(Information provided begins)
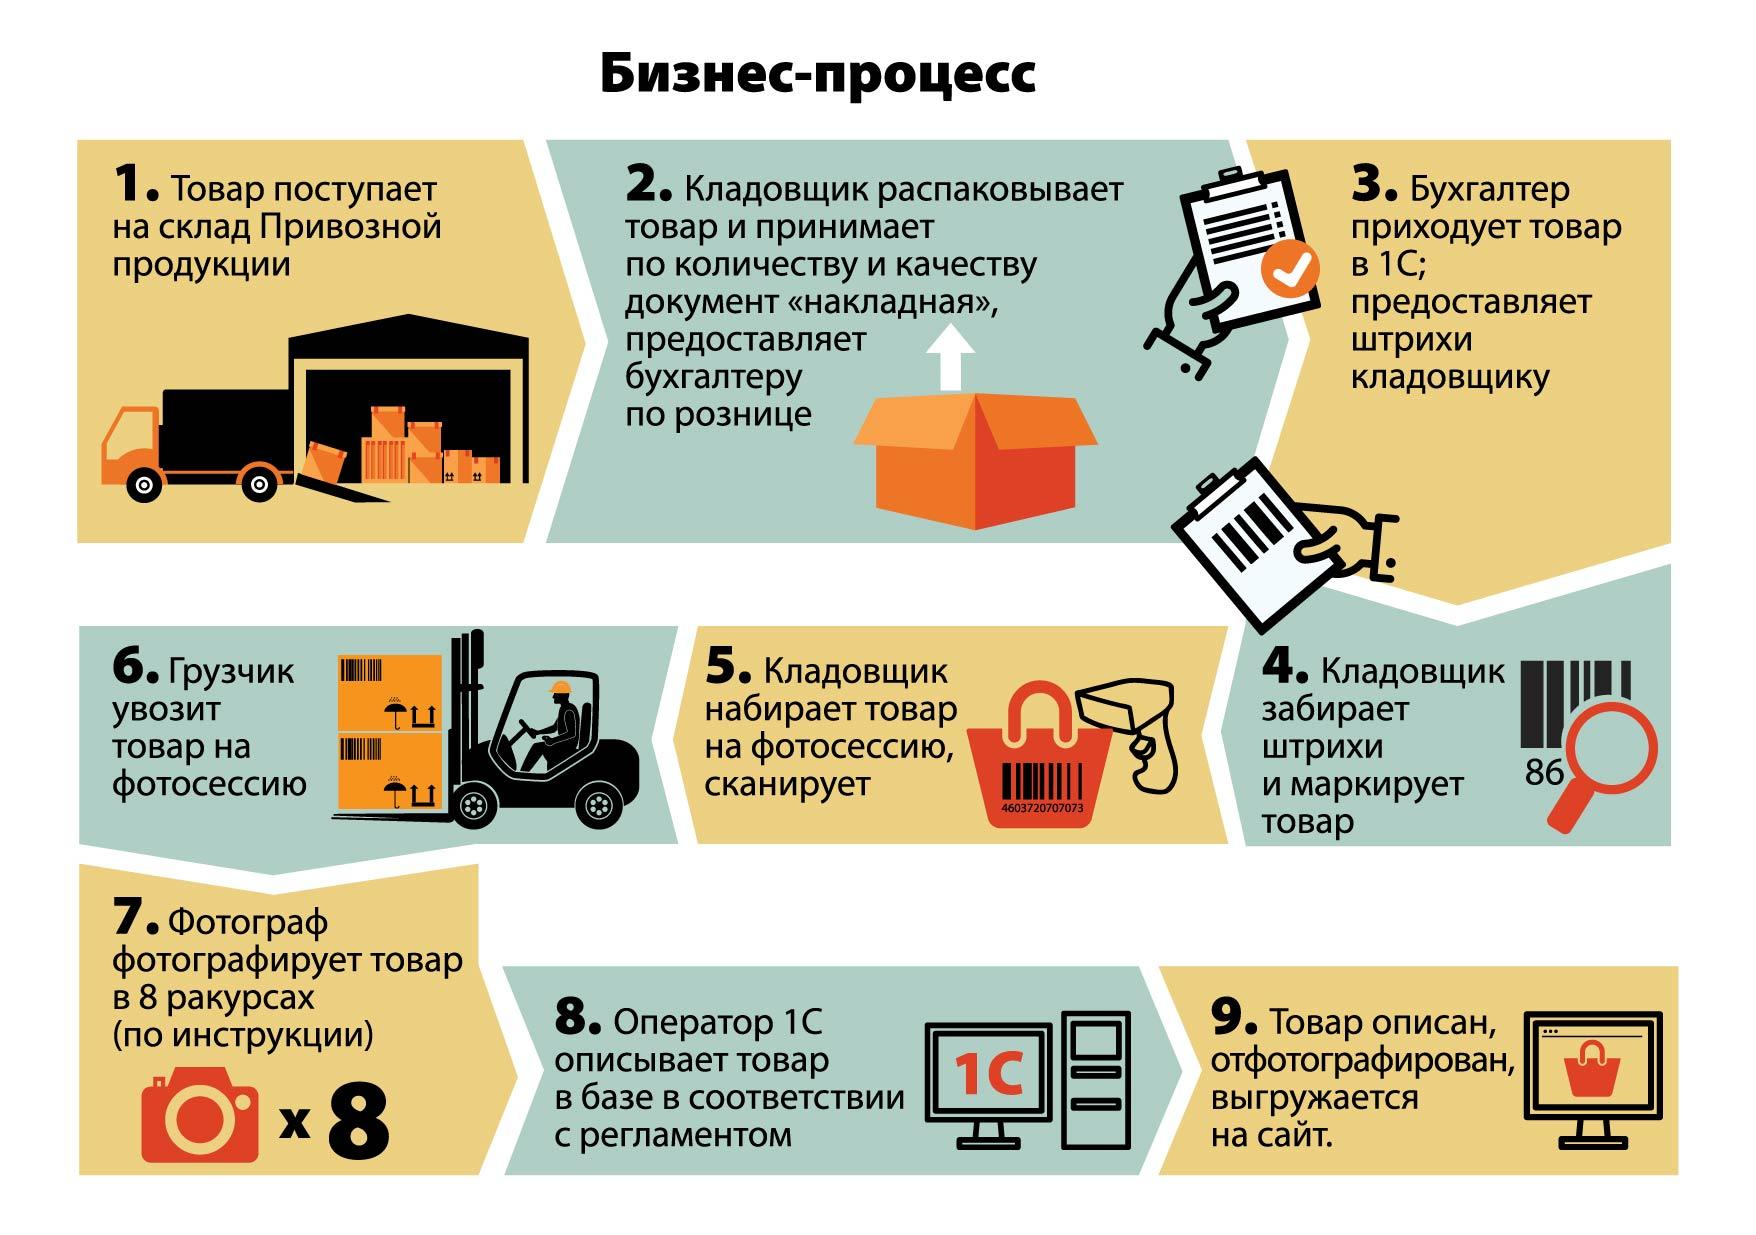 Бизнес процессы Пенкина 600 р
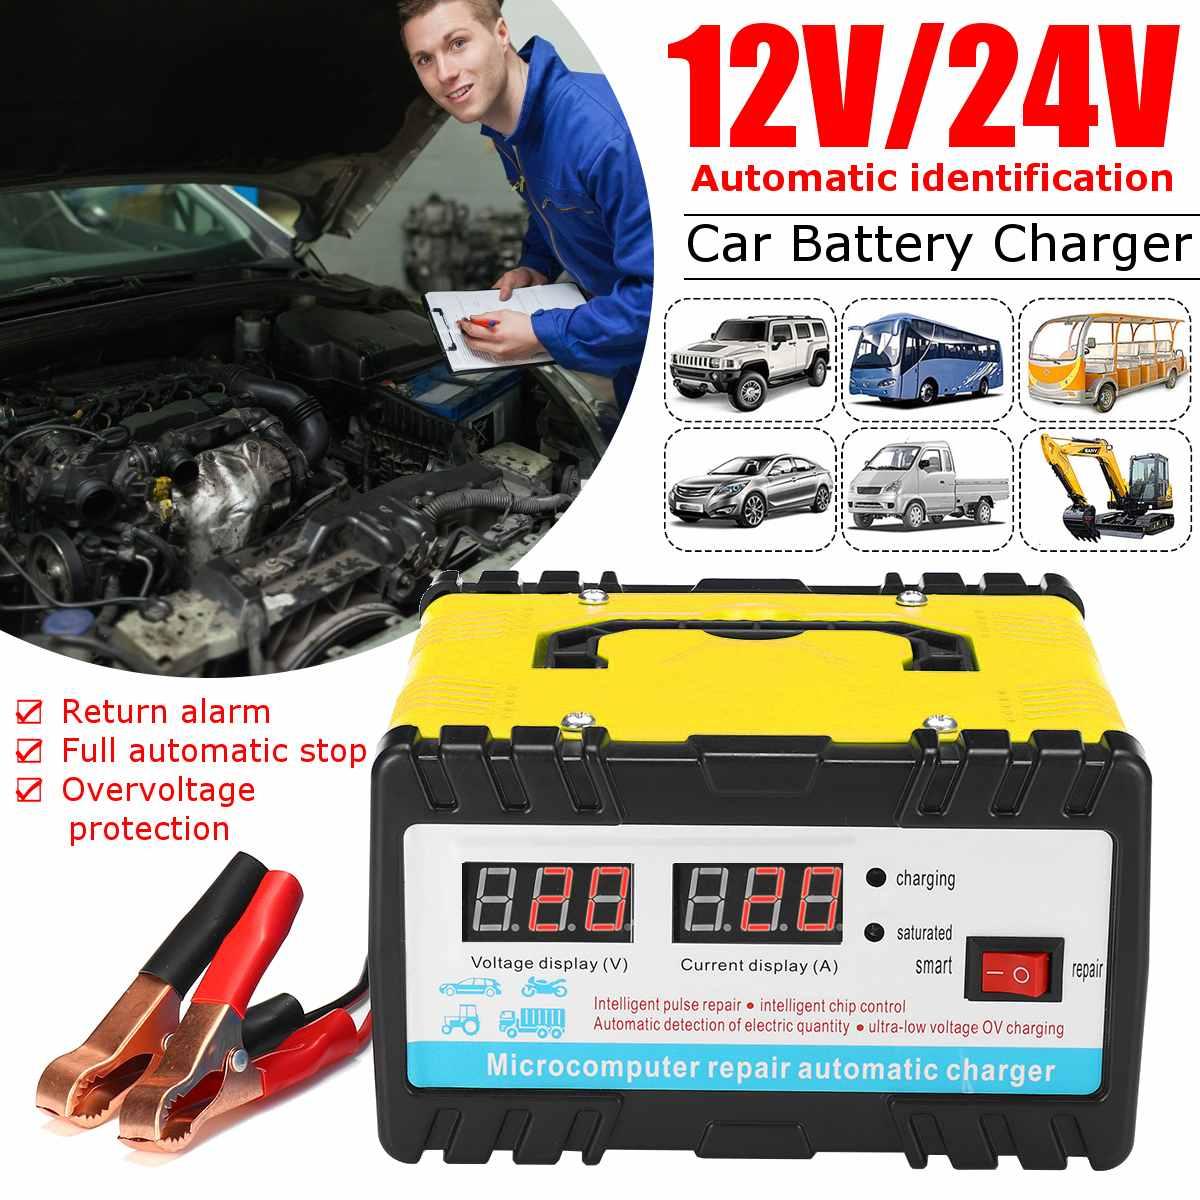 شاحن بطارية تخزين السيارة ، شاشة LCD أوتوماتيكية ، 12 فولت/24 فولت ، إصلاح نبضة ذكية 110/220 فولت ، لبطارية ليثيوم حمض الرصاص 6AH-400AH
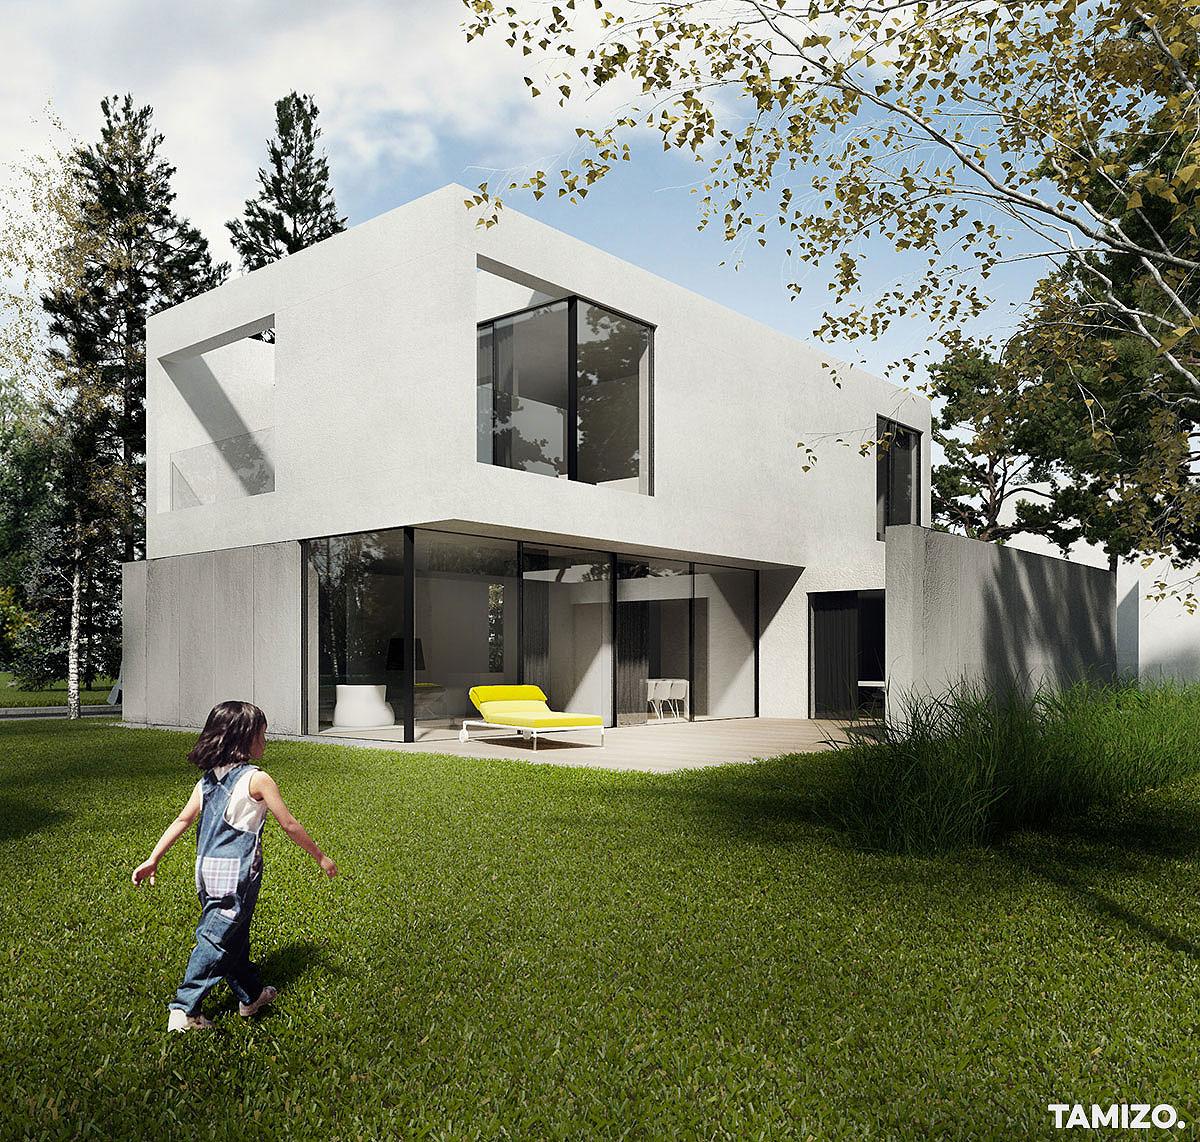 A060_tamizo_architekci_projekt_dom_jednorodzinny_warszawa_minimalizm_minimal_08
(Information provided ends)
What is expected - What you need to retype is every line from the one that has "شاحن بطارية تخزين" through the last line of the listing, both included, with the pictures left out.

Answer section -
 شاحن بطارية تخزين السيارة ، شاشة LCD أوتوماتيكية ، 12 فولت/24 فولت ، إصلاح نبضة ذكية 110/220 فولت ، لبطارية ليثيوم حمض الرصاص 6AH-400AH
 A060_tamizo_architekci_projekt_dom_jednorodzinny_warszawa_minimalizm_minimal_08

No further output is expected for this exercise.